Retype each entry. Leave nothing out.

┌────────

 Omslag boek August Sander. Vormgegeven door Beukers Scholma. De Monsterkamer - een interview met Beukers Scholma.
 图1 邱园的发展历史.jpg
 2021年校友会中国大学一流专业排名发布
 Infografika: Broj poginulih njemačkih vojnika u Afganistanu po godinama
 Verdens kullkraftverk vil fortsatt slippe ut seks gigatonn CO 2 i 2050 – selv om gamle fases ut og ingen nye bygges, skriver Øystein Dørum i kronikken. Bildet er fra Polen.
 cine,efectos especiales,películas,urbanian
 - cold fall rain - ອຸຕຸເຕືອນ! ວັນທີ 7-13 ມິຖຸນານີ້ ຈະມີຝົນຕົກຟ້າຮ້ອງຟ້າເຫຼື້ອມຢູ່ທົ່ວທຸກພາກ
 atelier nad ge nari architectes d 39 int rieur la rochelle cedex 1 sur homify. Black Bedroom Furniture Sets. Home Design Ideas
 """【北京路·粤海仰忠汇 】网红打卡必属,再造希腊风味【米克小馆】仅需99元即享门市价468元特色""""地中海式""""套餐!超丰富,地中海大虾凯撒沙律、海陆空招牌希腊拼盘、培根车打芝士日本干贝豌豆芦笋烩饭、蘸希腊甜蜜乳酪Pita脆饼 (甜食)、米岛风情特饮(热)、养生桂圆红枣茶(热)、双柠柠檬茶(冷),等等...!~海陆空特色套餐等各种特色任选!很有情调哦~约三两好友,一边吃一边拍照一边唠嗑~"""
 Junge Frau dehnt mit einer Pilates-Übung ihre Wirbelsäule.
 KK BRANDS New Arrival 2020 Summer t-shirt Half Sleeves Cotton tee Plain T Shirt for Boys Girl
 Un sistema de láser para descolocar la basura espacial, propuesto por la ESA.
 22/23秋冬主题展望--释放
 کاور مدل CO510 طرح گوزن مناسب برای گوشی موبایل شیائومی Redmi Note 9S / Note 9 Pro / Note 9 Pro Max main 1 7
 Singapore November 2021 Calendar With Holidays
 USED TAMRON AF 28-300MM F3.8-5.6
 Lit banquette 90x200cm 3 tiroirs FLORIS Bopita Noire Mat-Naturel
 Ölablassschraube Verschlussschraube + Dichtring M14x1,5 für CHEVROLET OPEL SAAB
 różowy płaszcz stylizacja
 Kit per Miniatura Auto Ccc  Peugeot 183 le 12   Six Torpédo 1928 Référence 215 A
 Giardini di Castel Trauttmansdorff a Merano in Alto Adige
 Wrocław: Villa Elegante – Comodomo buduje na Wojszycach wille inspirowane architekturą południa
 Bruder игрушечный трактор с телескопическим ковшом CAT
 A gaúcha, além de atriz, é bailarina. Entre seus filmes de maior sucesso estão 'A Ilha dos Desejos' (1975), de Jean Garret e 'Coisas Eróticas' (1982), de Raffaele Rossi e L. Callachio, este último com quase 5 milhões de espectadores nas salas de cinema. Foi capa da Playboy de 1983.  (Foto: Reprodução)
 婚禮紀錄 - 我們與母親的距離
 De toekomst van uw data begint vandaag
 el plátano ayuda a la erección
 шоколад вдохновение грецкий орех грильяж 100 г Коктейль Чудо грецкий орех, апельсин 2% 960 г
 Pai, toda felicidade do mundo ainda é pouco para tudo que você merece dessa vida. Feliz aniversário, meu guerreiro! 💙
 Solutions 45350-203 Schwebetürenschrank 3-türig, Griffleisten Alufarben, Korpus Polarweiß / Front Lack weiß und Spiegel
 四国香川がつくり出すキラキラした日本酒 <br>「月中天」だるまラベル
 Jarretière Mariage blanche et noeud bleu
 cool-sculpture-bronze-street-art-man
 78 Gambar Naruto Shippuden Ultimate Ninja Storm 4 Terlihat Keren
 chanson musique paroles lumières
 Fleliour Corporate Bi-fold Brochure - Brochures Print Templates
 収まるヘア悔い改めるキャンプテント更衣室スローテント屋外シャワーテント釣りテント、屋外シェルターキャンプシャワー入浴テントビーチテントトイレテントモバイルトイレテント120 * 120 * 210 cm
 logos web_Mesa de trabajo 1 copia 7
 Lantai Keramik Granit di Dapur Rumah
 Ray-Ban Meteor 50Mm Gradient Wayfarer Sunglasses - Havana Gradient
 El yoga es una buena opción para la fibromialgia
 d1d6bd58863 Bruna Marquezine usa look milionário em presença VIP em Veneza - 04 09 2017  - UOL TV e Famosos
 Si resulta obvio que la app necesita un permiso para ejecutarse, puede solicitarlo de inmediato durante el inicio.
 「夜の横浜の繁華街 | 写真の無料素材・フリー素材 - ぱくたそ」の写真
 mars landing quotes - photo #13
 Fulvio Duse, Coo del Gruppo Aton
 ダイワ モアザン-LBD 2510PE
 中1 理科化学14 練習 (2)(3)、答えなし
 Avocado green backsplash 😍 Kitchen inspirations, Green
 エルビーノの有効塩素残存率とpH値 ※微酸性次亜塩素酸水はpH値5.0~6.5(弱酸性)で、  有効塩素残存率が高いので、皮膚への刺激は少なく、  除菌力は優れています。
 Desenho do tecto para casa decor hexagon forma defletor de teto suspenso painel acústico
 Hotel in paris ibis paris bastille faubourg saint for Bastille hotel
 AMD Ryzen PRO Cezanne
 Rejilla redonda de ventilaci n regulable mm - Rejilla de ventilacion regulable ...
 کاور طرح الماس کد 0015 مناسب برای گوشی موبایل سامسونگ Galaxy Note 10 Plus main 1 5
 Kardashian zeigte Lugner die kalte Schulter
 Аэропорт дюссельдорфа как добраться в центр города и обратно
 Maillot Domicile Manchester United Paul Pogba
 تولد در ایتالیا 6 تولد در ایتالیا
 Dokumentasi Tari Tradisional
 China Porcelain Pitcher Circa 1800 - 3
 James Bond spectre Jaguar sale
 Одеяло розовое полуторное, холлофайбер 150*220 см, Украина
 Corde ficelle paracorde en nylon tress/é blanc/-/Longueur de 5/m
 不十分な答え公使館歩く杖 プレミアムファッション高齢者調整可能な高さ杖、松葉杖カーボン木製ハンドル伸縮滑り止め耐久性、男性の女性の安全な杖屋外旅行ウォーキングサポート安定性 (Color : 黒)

└────────

*Answer space*:
 Omslag boek August Sander. Vormgegeven door Beukers Scholma. De Monsterkamer - een interview met Beukers Scholma.
 图1 邱园的发展历史.jpg
 2021年校友会中国大学一流专业排名发布
 Infografika: Broj poginulih njemačkih vojnika u Afganistanu po godinama
 Verdens kullkraftverk vil fortsatt slippe ut seks gigatonn CO 2 i 2050 – selv om gamle fases ut og ingen nye bygges, skriver Øystein Dørum i kronikken. Bildet er fra Polen.
 cine,efectos especiales,películas,urbanian
 - cold fall rain - ອຸຕຸເຕືອນ! ວັນທີ 7-13 ມິຖຸນານີ້ ຈະມີຝົນຕົກຟ້າຮ້ອງຟ້າເຫຼື້ອມຢູ່ທົ່ວທຸກພາກ
 atelier nad ge nari architectes d 39 int rieur la rochelle cedex 1 sur homify. Black Bedroom Furniture Sets. Home Design Ideas
 """【北京路·粤海仰忠汇 】网红打卡必属,再造希腊风味【米克小馆】仅需99元即享门市价468元特色""""地中海式""""套餐!超丰富,地中海大虾凯撒沙律、海陆空招牌希腊拼盘、培根车打芝士日本干贝豌豆芦笋烩饭、蘸希腊甜蜜乳酪Pita脆饼 (甜食)、米岛风情特饮(热)、养生桂圆红枣茶(热)、双柠柠檬茶(冷),等等...!~海陆空特色套餐等各种特色任选!很有情调哦~约三两好友,一边吃一边拍照一边唠嗑~"""
 Junge Frau dehnt mit einer Pilates-Übung ihre Wirbelsäule.
 KK BRANDS New Arrival 2020 Summer t-shirt Half Sleeves Cotton tee Plain T Shirt for Boys Girl
 Un sistema de láser para descolocar la basura espacial, propuesto por la ESA.
 22/23秋冬主题展望--释放
 کاور مدل CO510 طرح گوزن مناسب برای گوشی موبایل شیائومی Redmi Note 9S / Note 9 Pro / Note 9 Pro Max main 1 7
 Singapore November 2021 Calendar With Holidays
 USED TAMRON AF 28-300MM F3.8-5.6
 Lit banquette 90x200cm 3 tiroirs FLORIS Bopita Noire Mat-Naturel
 Ölablassschraube Verschlussschraube + Dichtring M14x1,5 für CHEVROLET OPEL SAAB
 różowy płaszcz stylizacja
 Kit per Miniatura Auto Ccc  Peugeot 183 le 12   Six Torpédo 1928 Référence 215 A
 Giardini di Castel Trauttmansdorff a Merano in Alto Adige
 Wrocław: Villa Elegante – Comodomo buduje na Wojszycach wille inspirowane architekturą południa
 Bruder игрушечный трактор с телескопическим ковшом CAT
 A gaúcha, além de atriz, é bailarina. Entre seus filmes de maior sucesso estão 'A Ilha dos Desejos' (1975), de Jean Garret e 'Coisas Eróticas' (1982), de Raffaele Rossi e L. Callachio, este último com quase 5 milhões de espectadores nas salas de cinema. Foi capa da Playboy de 1983.  (Foto: Reprodução)
 婚禮紀錄 - 我們與母親的距離
 De toekomst van uw data begint vandaag
 el plátano ayuda a la erección
 шоколад вдохновение грецкий орех грильяж 100 г Коктейль Чудо грецкий орех, апельсин 2% 960 г
 Pai, toda felicidade do mundo ainda é pouco para tudo que você merece dessa vida. Feliz aniversário, meu guerreiro! 💙
 Solutions 45350-203 Schwebetürenschrank 3-türig, Griffleisten Alufarben, Korpus Polarweiß / Front Lack weiß und Spiegel
 四国香川がつくり出すキラキラした日本酒 <br>「月中天」だるまラベル
 Jarretière Mariage blanche et noeud bleu
 cool-sculpture-bronze-street-art-man
 78 Gambar Naruto Shippuden Ultimate Ninja Storm 4 Terlihat Keren
 chanson musique paroles lumières
 Fleliour Corporate Bi-fold Brochure - Brochures Print Templates
 収まるヘア悔い改めるキャンプテント更衣室スローテント屋外シャワーテント釣りテント、屋外シェルターキャンプシャワー入浴テントビーチテントトイレテントモバイルトイレテント120 * 120 * 210 cm
 logos web_Mesa de trabajo 1 copia 7
 Lantai Keramik Granit di Dapur Rumah
 Ray-Ban Meteor 50Mm Gradient Wayfarer Sunglasses - Havana Gradient
 El yoga es una buena opción para la fibromialgia
 d1d6bd58863 Bruna Marquezine usa look milionário em presença VIP em Veneza - 04 09 2017  - UOL TV e Famosos
 Si resulta obvio que la app necesita un permiso para ejecutarse, puede solicitarlo de inmediato durante el inicio.
 「夜の横浜の繁華街 | 写真の無料素材・フリー素材 - ぱくたそ」の写真
 mars landing quotes - photo #13
 Fulvio Duse, Coo del Gruppo Aton
 ダイワ モアザン-LBD 2510PE
 中1 理科化学14 練習 (2)(3)、答えなし
 Avocado green backsplash 😍 Kitchen inspirations, Green
 エルビーノの有効塩素残存率とpH値 ※微酸性次亜塩素酸水はpH値5.0~6.5(弱酸性)で、  有効塩素残存率が高いので、皮膚への刺激は少なく、  除菌力は優れています。
 Desenho do tecto para casa decor hexagon forma defletor de teto suspenso painel acústico
 Hotel in paris ibis paris bastille faubourg saint for Bastille hotel
 AMD Ryzen PRO Cezanne
 Rejilla redonda de ventilaci n regulable mm - Rejilla de ventilacion regulable ...
 کاور طرح الماس کد 0015 مناسب برای گوشی موبایل سامسونگ Galaxy Note 10 Plus main 1 5
 Kardashian zeigte Lugner die kalte Schulter
 Аэропорт дюссельдорфа как добраться в центр города и обратно
 Maillot Domicile Manchester United Paul Pogba
 تولد در ایتالیا 6 تولد در ایتالیا
 Dokumentasi Tari Tradisional
 China Porcelain Pitcher Circa 1800 - 3
 James Bond spectre Jaguar sale
 Одеяло розовое полуторное, холлофайбер 150*220 см, Украина
 Corde ficelle paracorde en nylon tress/é blanc/-/Longueur de 5/m
 不十分な答え公使館歩く杖 プレミアムファッション高齢者調整可能な高さ杖、松葉杖カーボン木製ハンドル伸縮滑り止め耐久性、男性の女性の安全な杖屋外旅行ウォーキングサポート安定性 (Color : 黒)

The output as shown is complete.